▶ _INFORMATION SHOWN_:

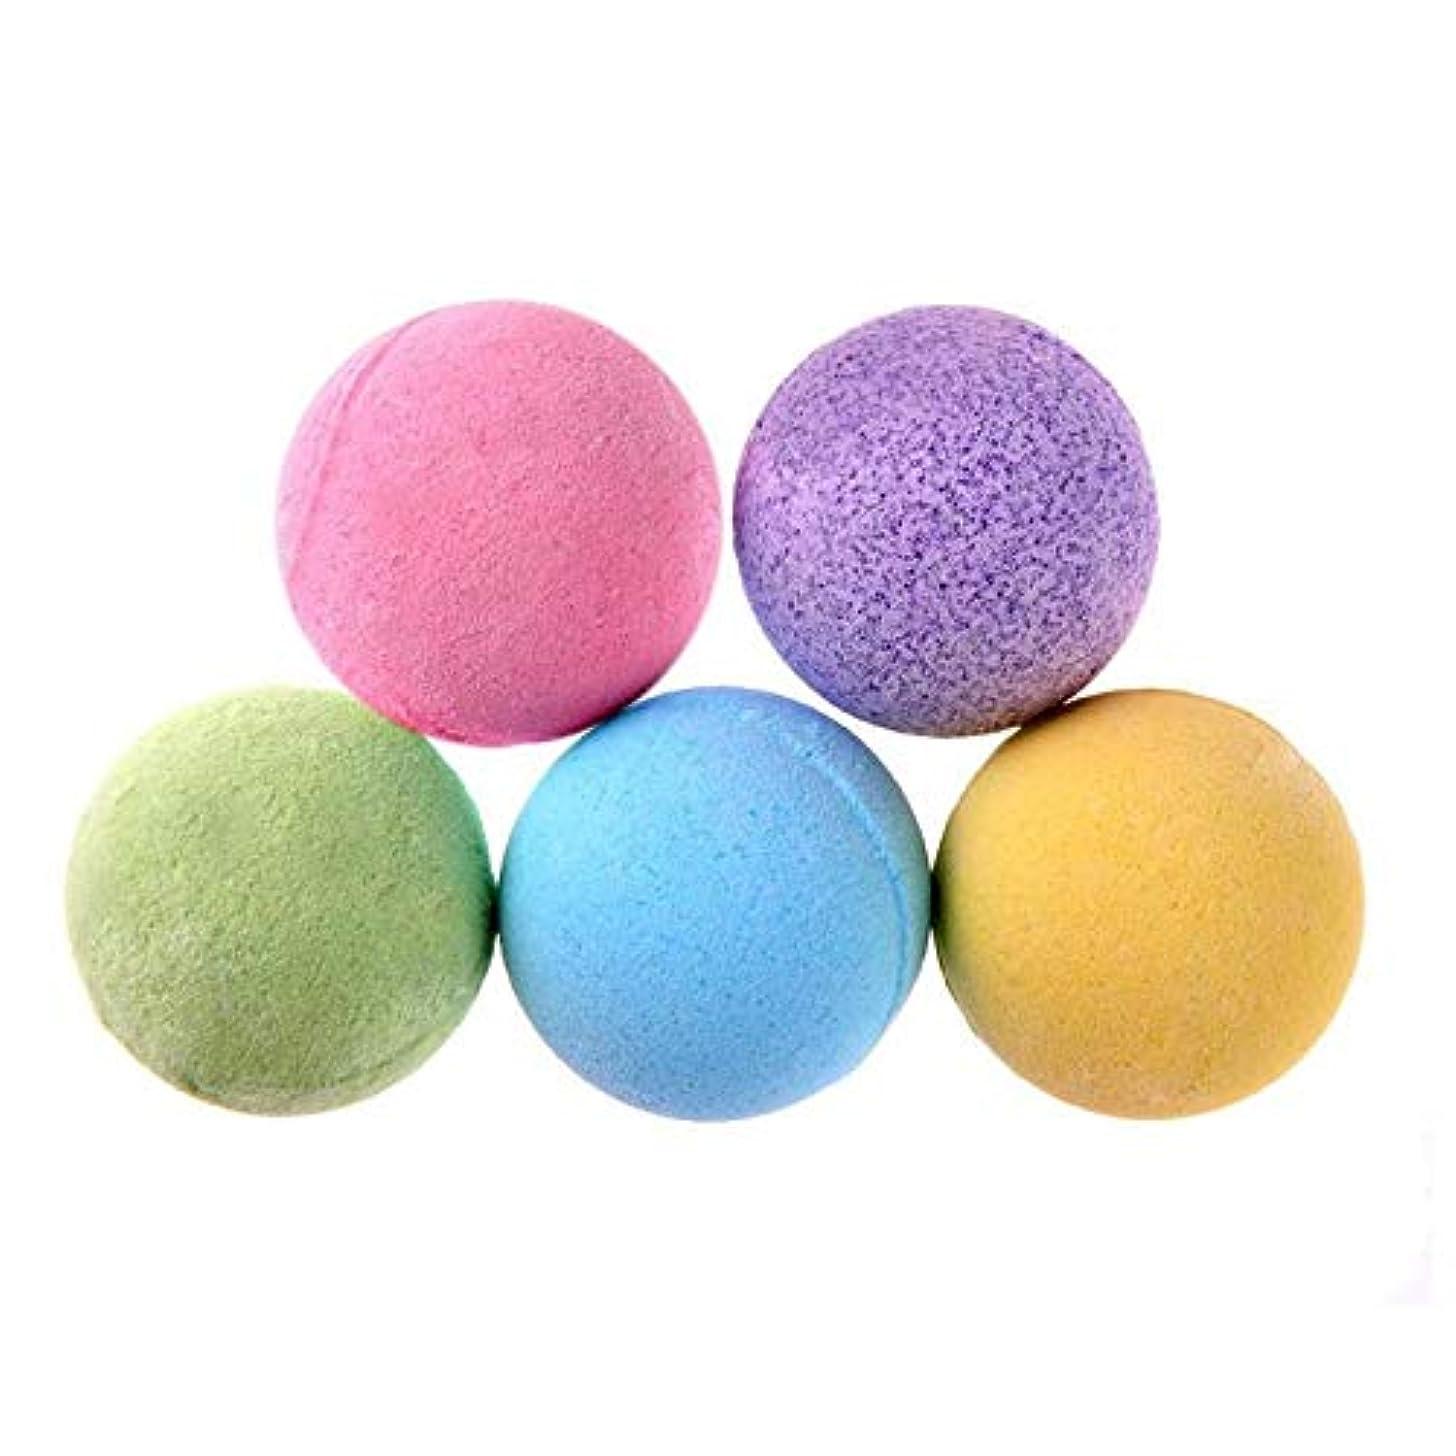 肘ウェイド輪郭Hot 10pc 10g Organic Bath Salt Body Essential Oil Bath Ball Natural Bubble Bath Bombs Ball Rose/Green tea/Lavender...
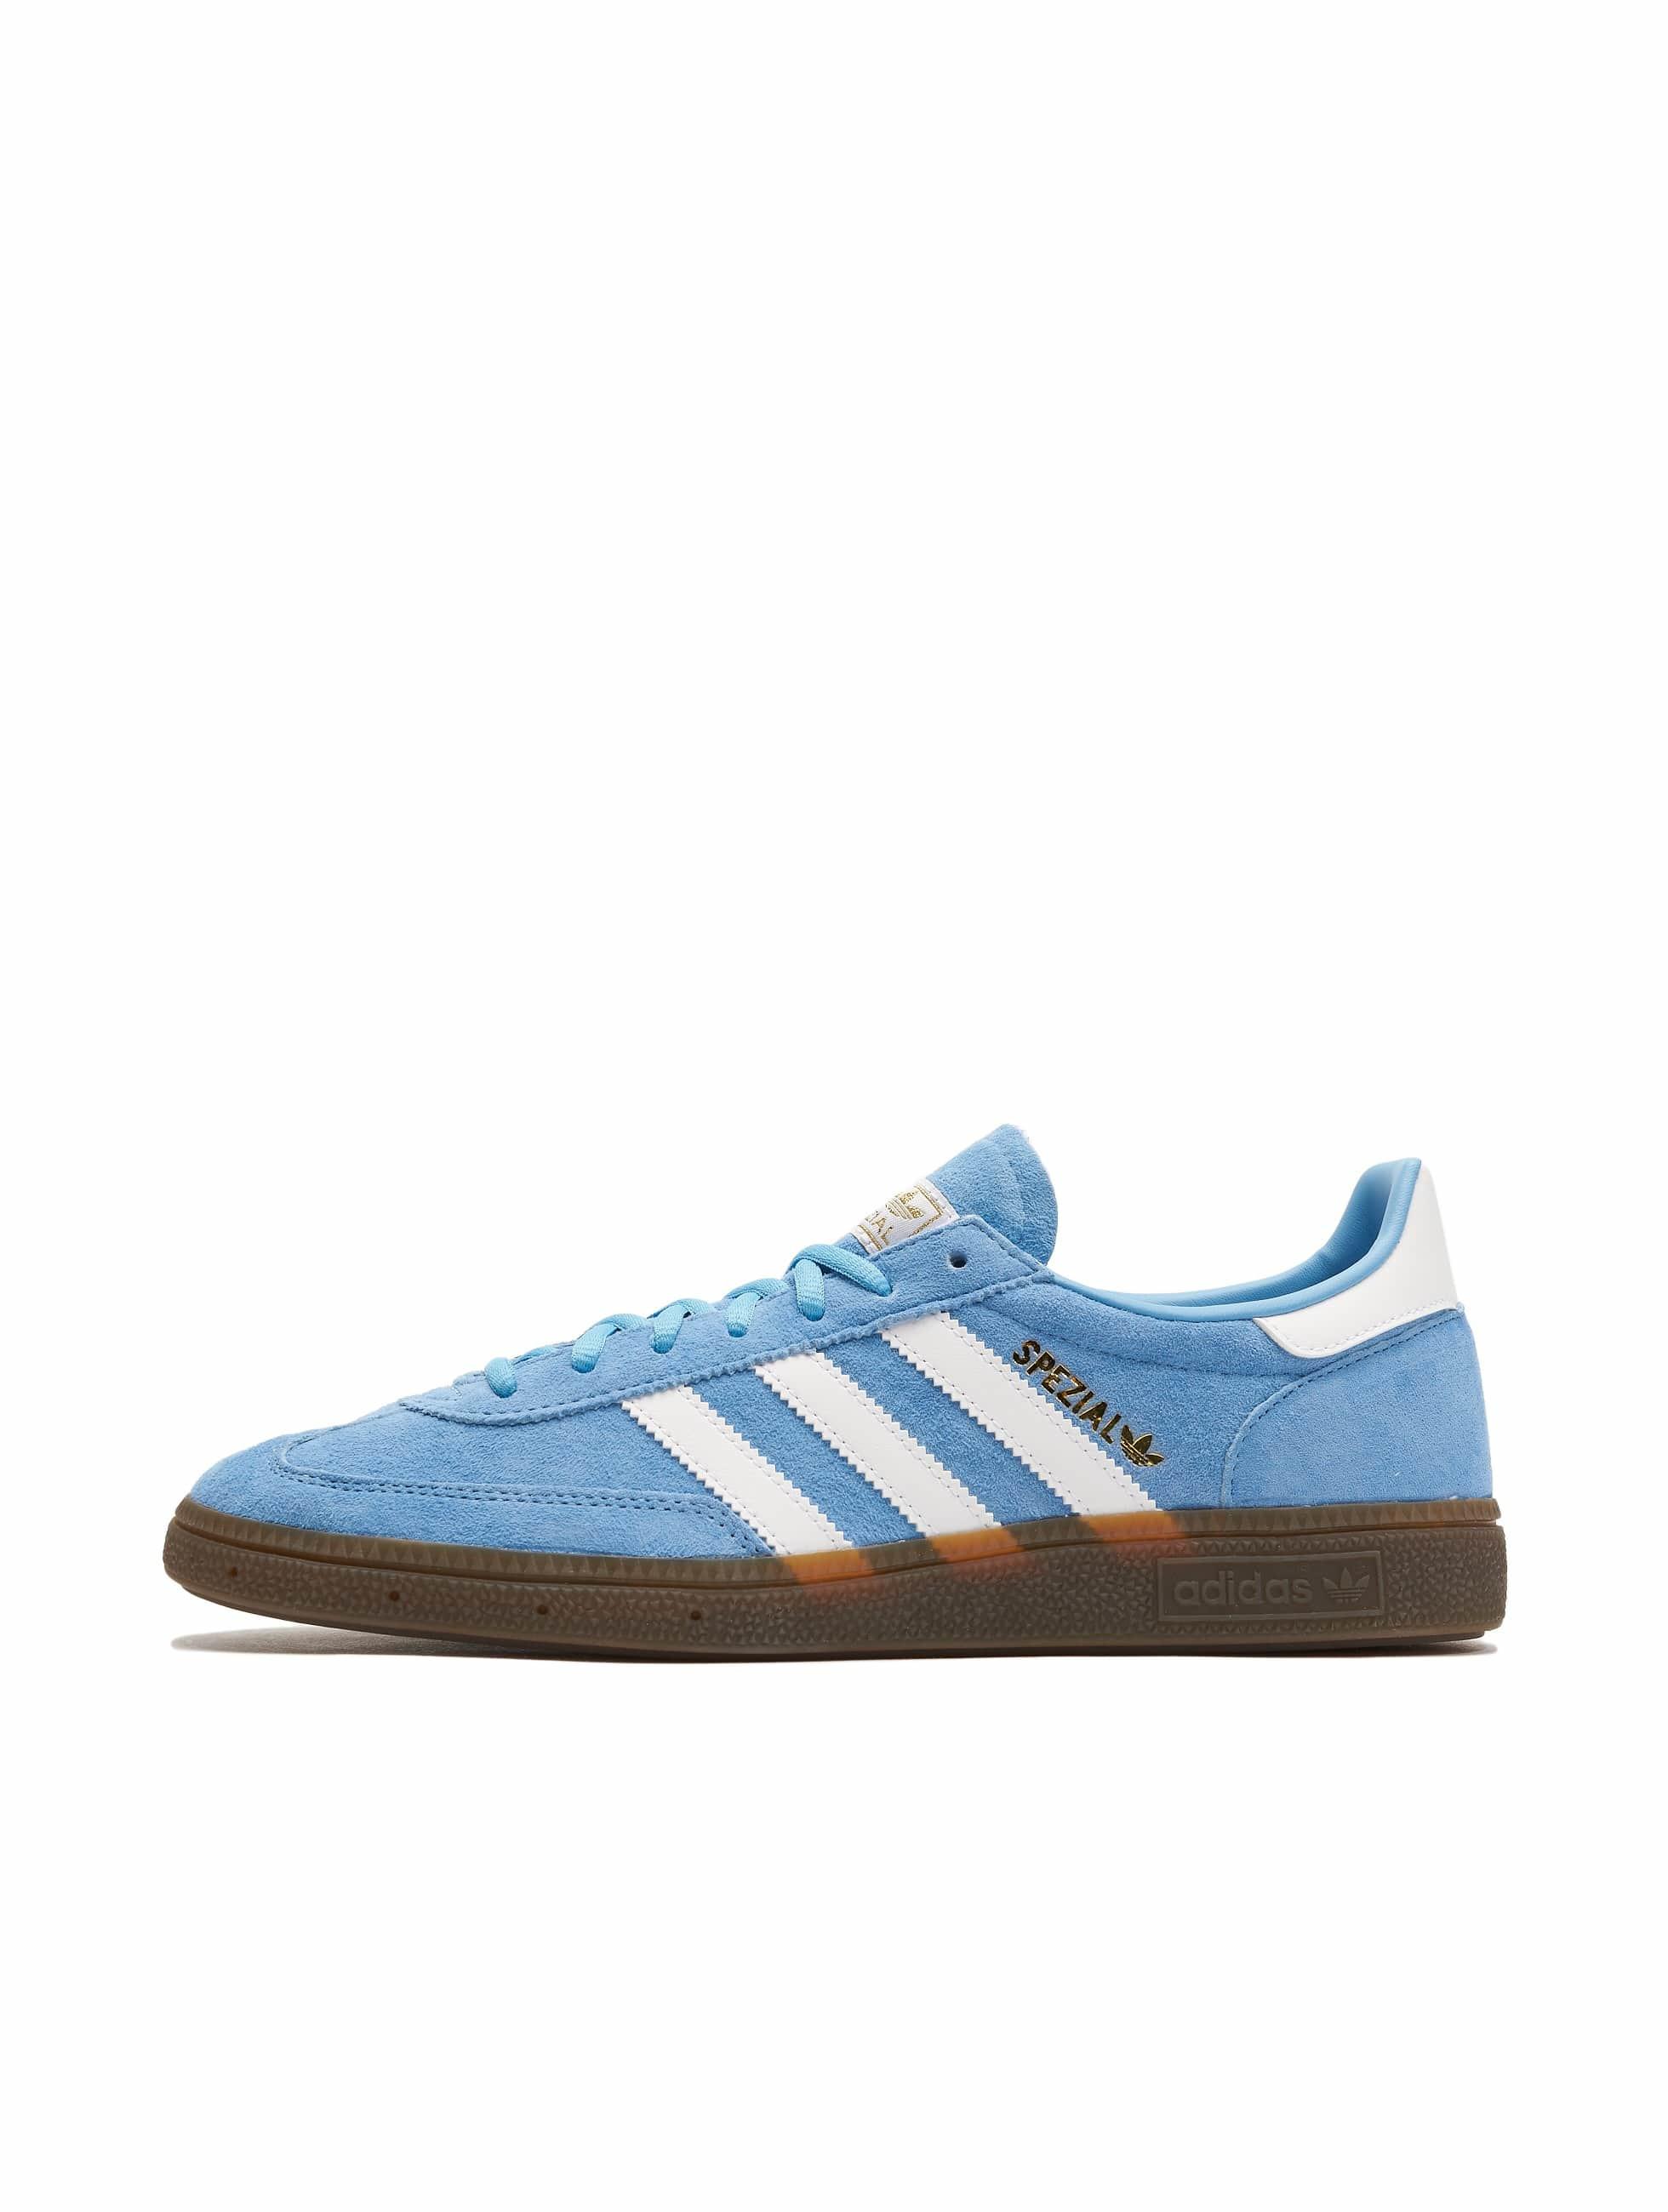 6342b95ad32 adidas originals schoen / sneaker Handball Spezial in blauw 616922
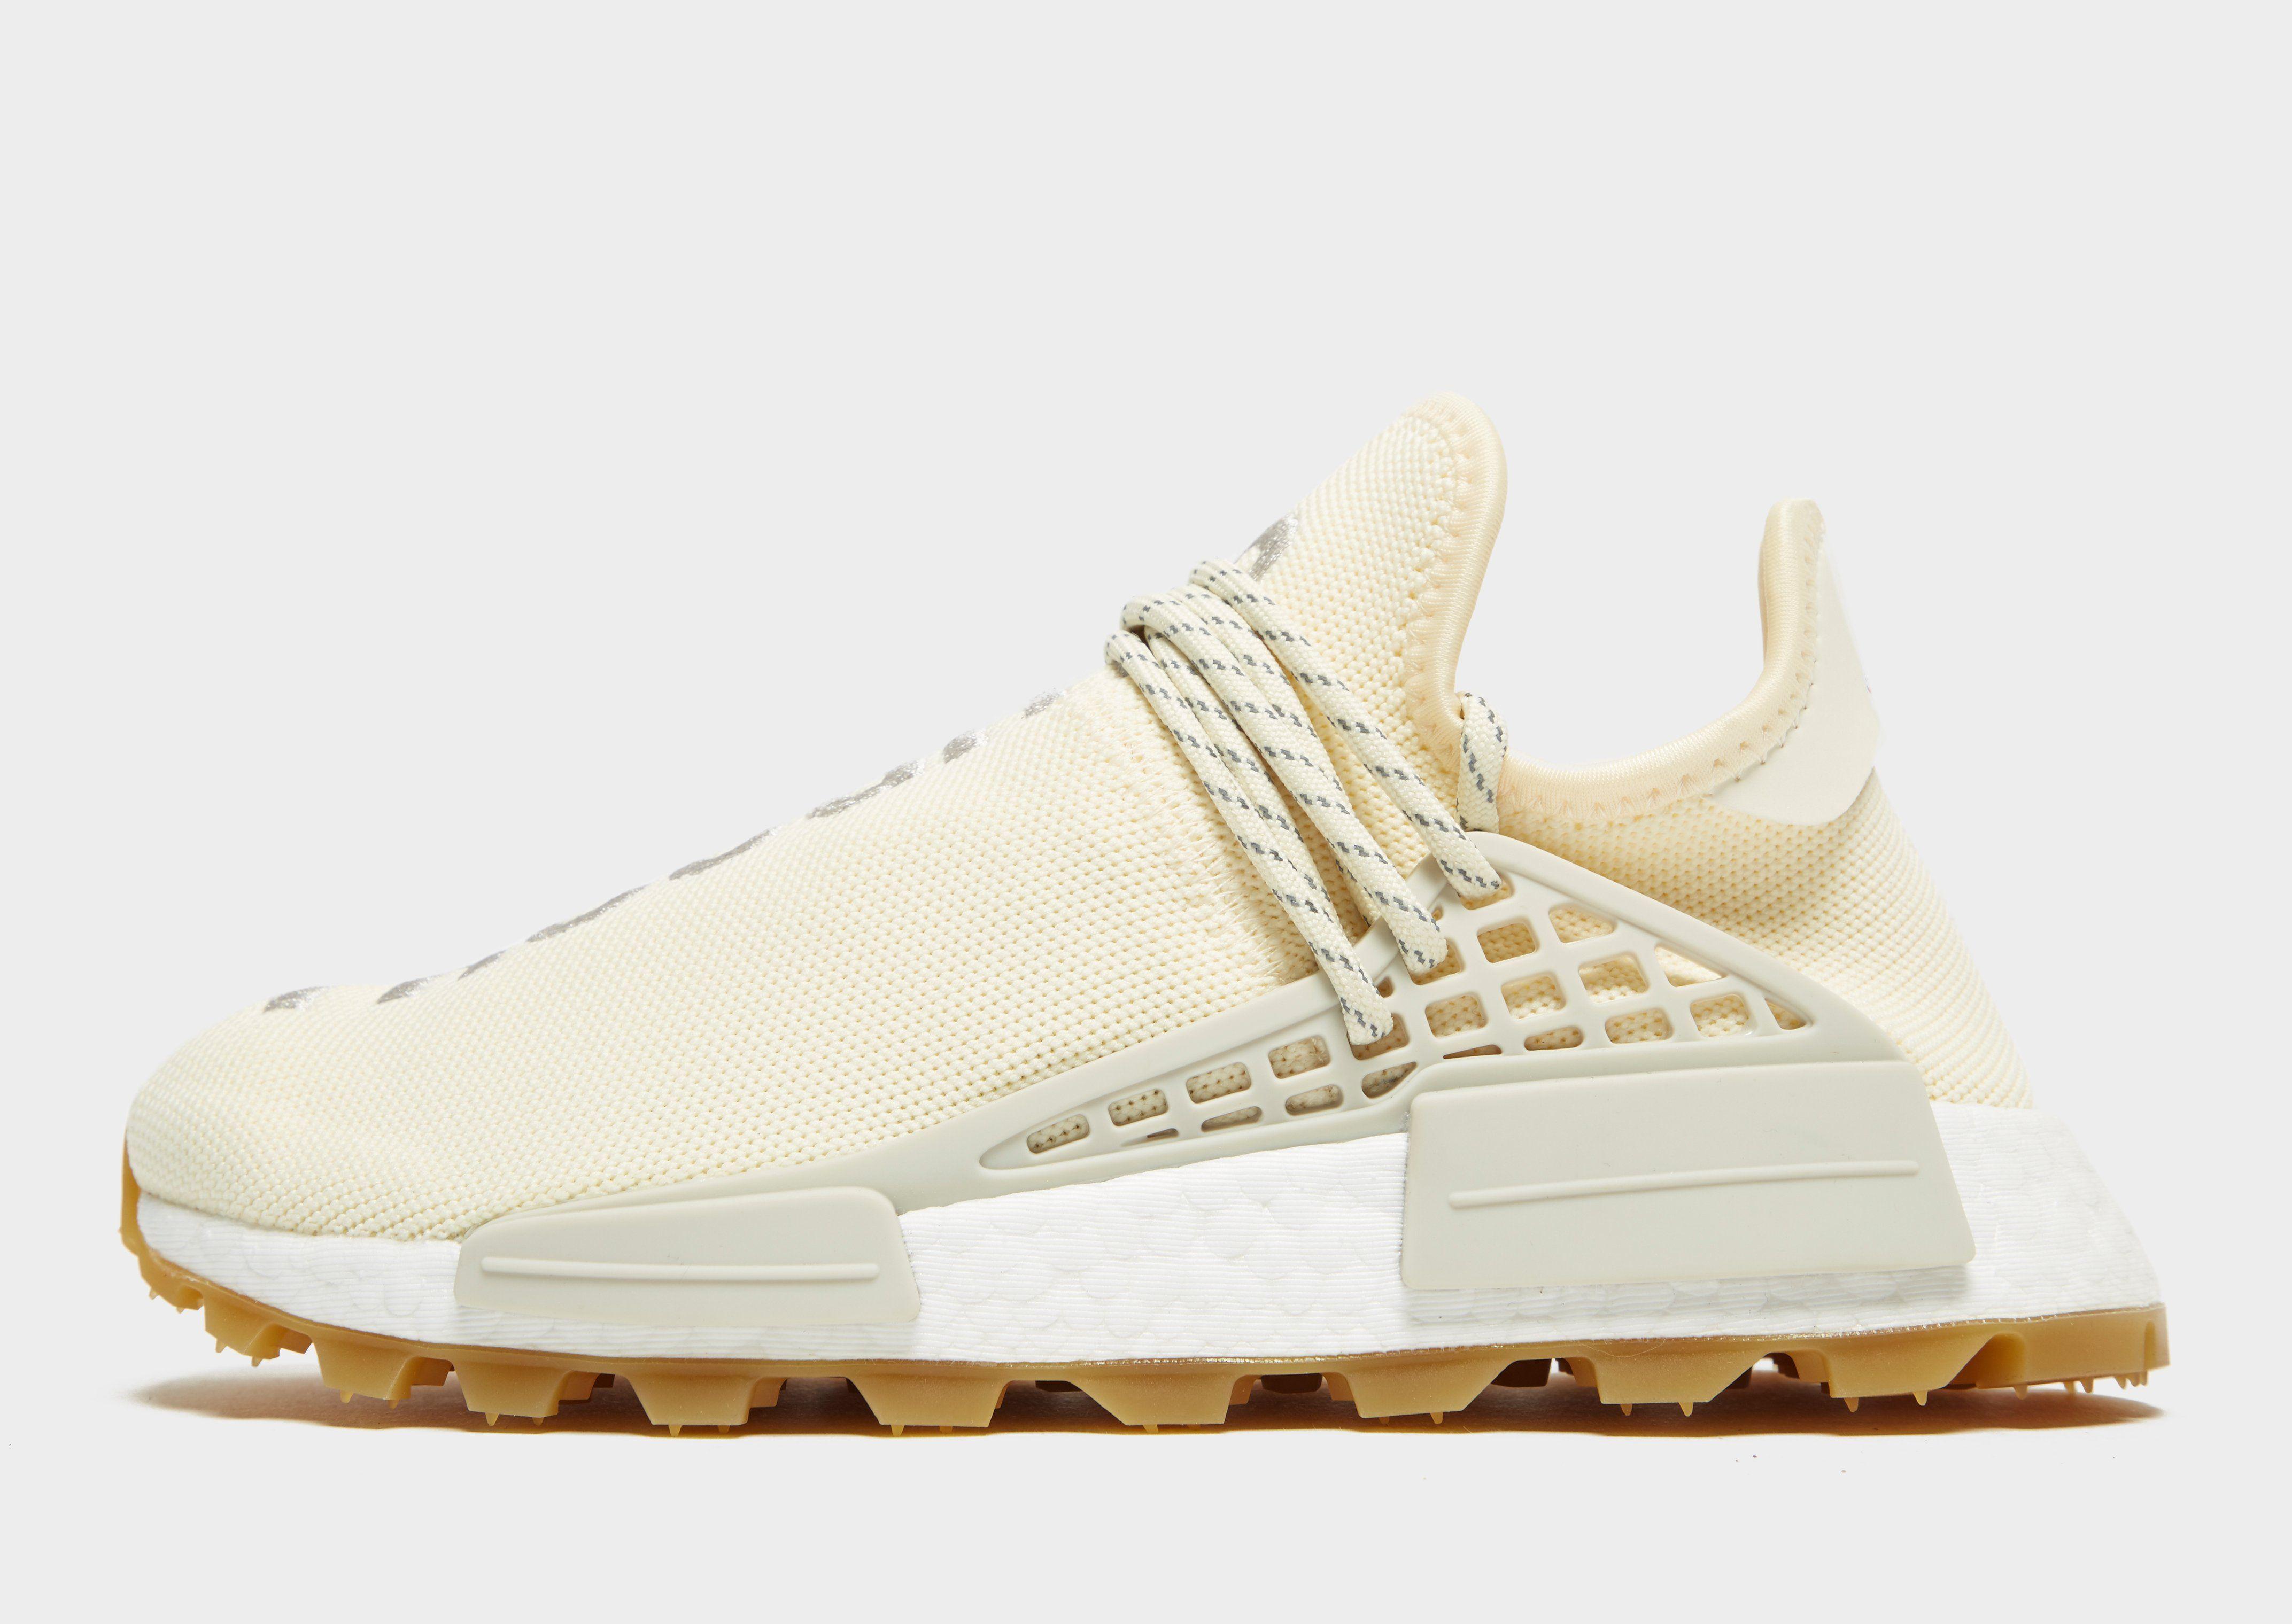 adidas Originals x Pharrell Williams Hu NMD Proud Femme | JD Sports

▶ _GOAL OF THE EXERCISE_: Do not include the images; transcribe the rest of the listing exactly.

▶ _SOLUTION FOR THIS PROBLEM_:
 肘ウェイド輪郭Hot 10pc 10g Organic Bath Salt Body Essential Oil Bath Ball Natural Bubble Bath Bombs Ball Rose/Green tea/Lavender...
 6342b95ad32 adidas originals schoen / sneaker Handball Spezial in blauw 616922
 adidas Originals x Pharrell Williams Hu NMD Proud Femme | JD Sports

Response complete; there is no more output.